Documentation and Record-Keeping

Teledentistry interactions must be thoroughly documented in the patient record, specifying the modality (synchronous versus asynchronous), date and time of interaction, duration, specific clinical findings observed, technical limitations that may have affected the assessment, and the clinical decision or recommendation resulting from the consultation. This documentation creates a record of what information was available to support clinical decision-making and helps establish the standard of care.

Documentation should include a note regarding whether the patient was an established patient (with existing comprehensive examination and records) or a new patient consultation. Assessment of new patients via teledentistry alone is generally not appropriate for most diagnostic purposes. Established patients with recent comprehensive examination records can be appropriately triaged via teledentistry when the interaction focuses on specific new concerns.

Technical issues affecting the teledentistry consultation should be documented. If image quality was poor, if the patient could not position intraorally for adequate visualization, or if audio/video synchrony was compromised, this documentation supports appropriate clinical decision-making and protects the provider against accusations of inadequate assessment.
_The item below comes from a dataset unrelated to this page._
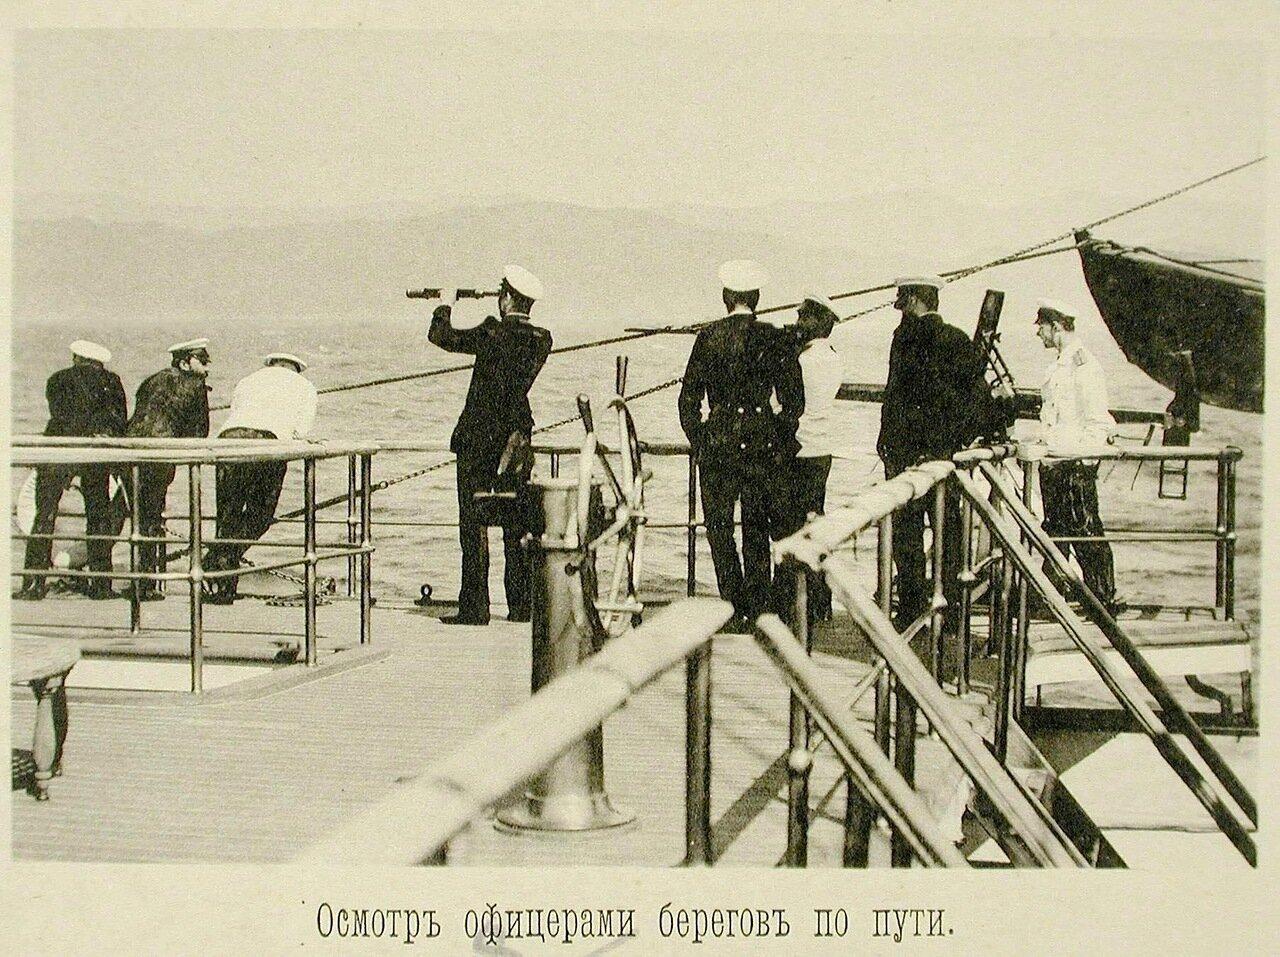 05. Офицеры крейсера1-го ранга Адмирал Корнилов осматривают берега по пути следования. 20-26 апреля 1895

Future Directions and Technology Enhancement

Artificial intelligence and machine learning technologies are being integrated into teledentistry platforms to enhance diagnostic capabilities. AI algorithms trained on large datasets of dental radiographs and intraoral photographs can identify carious lesions, periodontal disease indicators, and other pathology, potentially improving diagnostic accuracy of teledentistry imaging. However, AI augmentation of teledentistry remains in development stages and requires substantial validation before clinical implementation.
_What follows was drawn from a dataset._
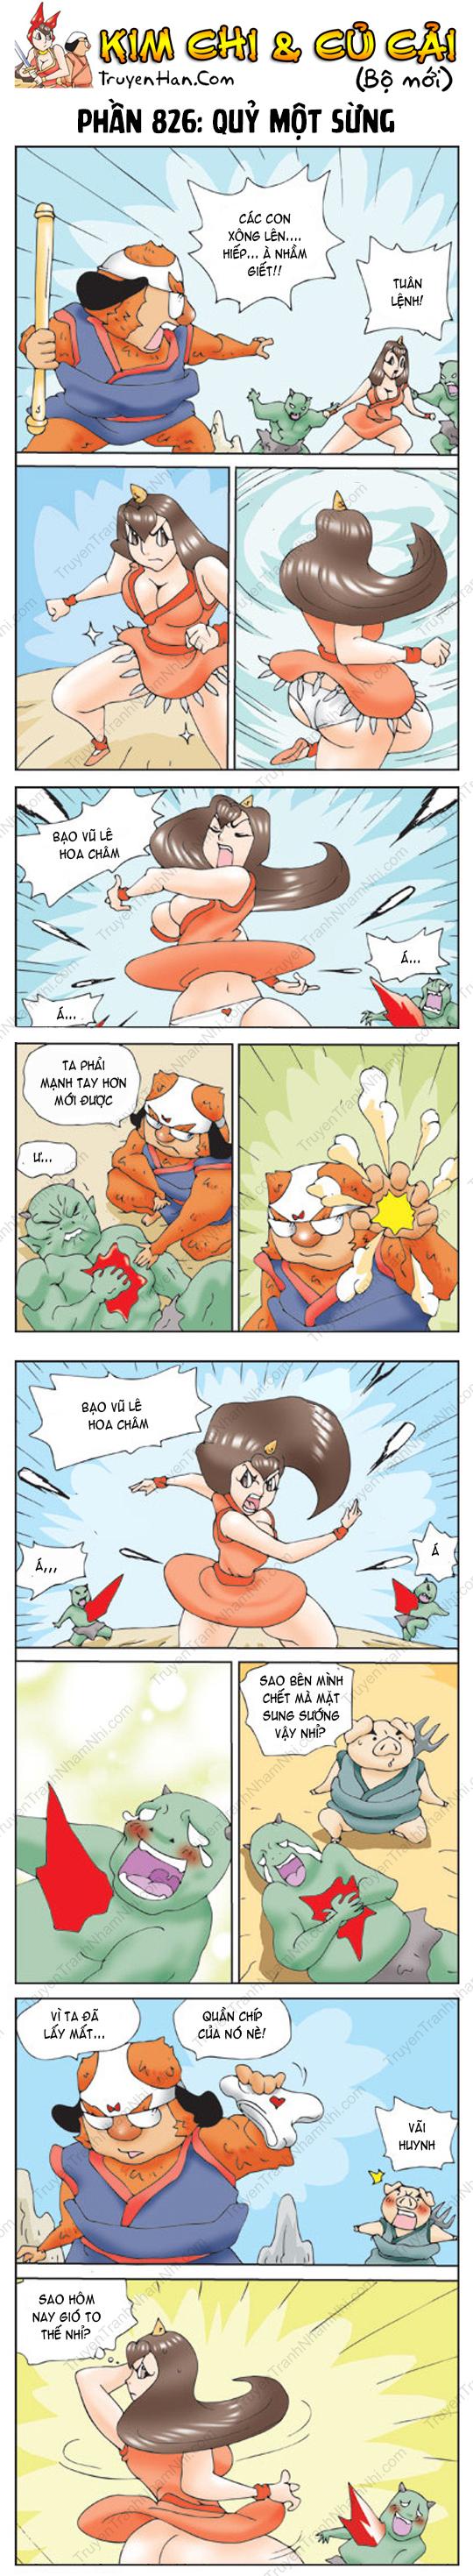 Kim Chi Và Củ Cải Phần 826: Quỷ một sừng

Improved imaging technology including high-resolution intraoral cameras, 3D scanning capabilities, and augmented reality visualization may expand teledentistry diagnostic capabilities. Integration of portable radiographic units with teledentistry platforms could provide radiographic information without requiring in-person assessment, though radiation safety and regulatory considerations remain substantial barriers.

Conclusion

Teledentistry has evolved from experimental technology to established modality with specific appropriate clinical applications. Synchronous and asynchronous teledentistry serve distinct functions in modern dental practice, particularly for triage, follow-up, and consultation. However, significant limitations—particularly regarding diagnostic accuracy for subtle pathology, inability to perform comprehensive physical examination, and regulatory uncertainty across jurisdictions—mean that teledentistry complements but does not replace in-person dental examination for most clinical scenarios. Practices implementing teledentistry should understand the specific strengths and limitations of various modalities, ensure appropriate licensure and documentation, and maintain clarity regarding situations mandating in-person evaluation to ensure patient safety and appropriate standard of care.